Arthur Mee counted no less a figure than David Lloyd George among fellow Temperance campaigners, and Lloyd George's commitment to the cause gave heart to many "water drinkers" during the 1914-18 conflict. At a political meeting in Bangor, one Sunday afternoon in February 1915, Lloyd George warned that "drink is doing more damage in this war than all the German submarines put together". By October of the same year, he was expressing himself even more violently: "We are fighting Germany, Austria and Drink, and as far as I can see, the greatest of these deadly foes is Drink."

King George V, ever mindful of his duty in time of war, indicated that he would abstain from alcohol for the duration of the way if this was deemed necessary in the national interest. Lloyd George magicked this conditional assent into a positive statement that the King was a teetotaller, God bless him, and that the country would do well to follow suit. The King's decision was given wide publicity and was eagerly celebrated by the Temperance movement, as the pages of Arthur Mee and the Strength of Britain clearly demonstrate.

Fortified by his friends and many powerful figures in the land, Arthur launched the Strength of Britain Movement at the Hotel Cecil in June 1916. A "Memorial", or petition, was signed by 2448 men and women of influence and delivered to the Prime Minister in Downing Street on 5 April 1917. Arthur turned himself into a one-man Temperance pamphlet factory, working from his beautiful hilltop home in Eynsford Hill, Kent, and the introductory volume Defeat? (later reissued as Defeat or Victory?) was swiftly followed by The Fiddlers and The Parasite. Hundreds of thousands of these pamphlets were sold, although they were considered so inflammatory that they were banned in Australia and South Africa, and simply owning a copy in Canada was an offence punishable by five years in jail.

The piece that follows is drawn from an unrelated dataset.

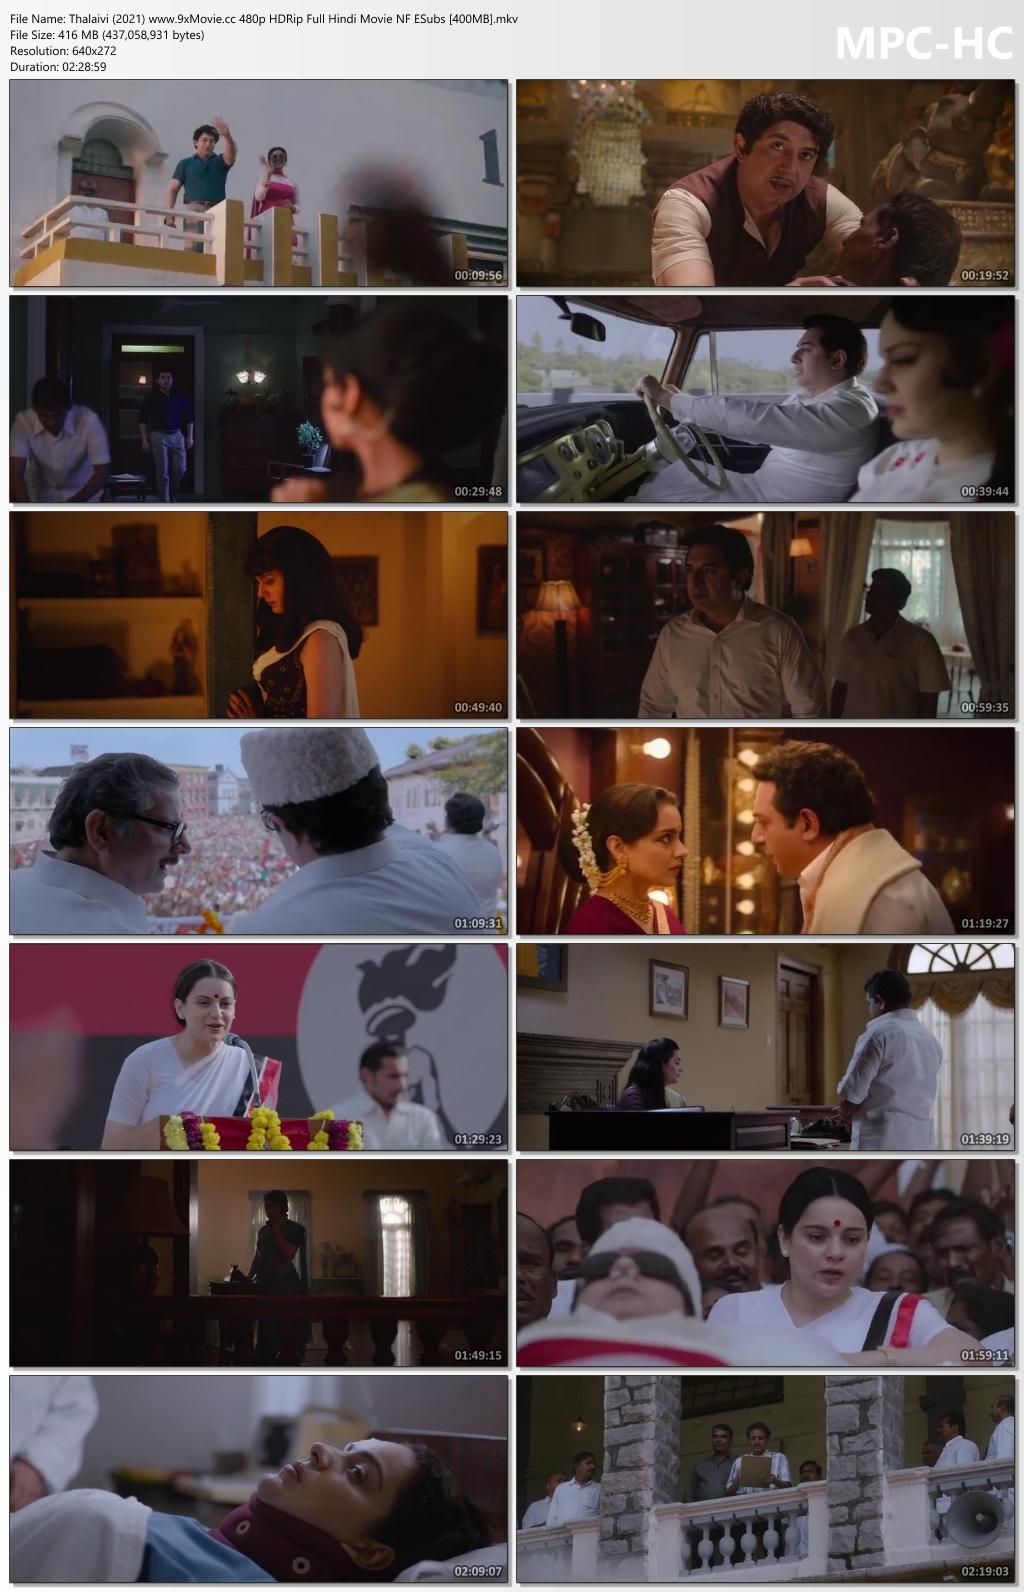 Thalaivi-2021-www-9x-Movie-cc-480p-HDRip-Full-Hindi-Movie-NF-ESubs-400-MB-mkv

Among the Memorial's signatories was Lloyd George's own wife, which must have given him pause, and for modern readers, the ambiguous position of women is one of the more intriguing themes revealed in Arthur's pamphlets. Although he strongly approved of the war work undertaken by patriotic British women in munitions factories, other contemporary writers were alarmed at this development and felt that women earning money outside the home would lead to sin - and drunkenness. The vicar of fashionable All Saints Church even suggested that the Great War was itself God's punishment on a nation that let decent women go out to work. Nor were the middle classes best pleased by the granting of generous "separation allowances" to soldiers' wives, believing they were all too prone to spend these grants on beer, not baby clothes.

Arthur, however, is compassionate in his accounts of the trials of working class women - his own mother raised ten children - as indeed he is understanding about the horrors to which teenage boys were being exposed in the trenches of Flanders. Arthur had reported from France as a journalist: he'd been there and wrote of what he knew. England's "little people" were, as always, bravely doing their best under very trying circumstances. It was the bloated beer barons, some of whom held seats in the House of Lords, that Arthur Mee had in his sights. Ordinary people, trying to rub along on very few shillings, were having their pockets picked, their health destroyed and their morals corrupted by greedy men a hundred times worse than our ostensible enemies, the Germans.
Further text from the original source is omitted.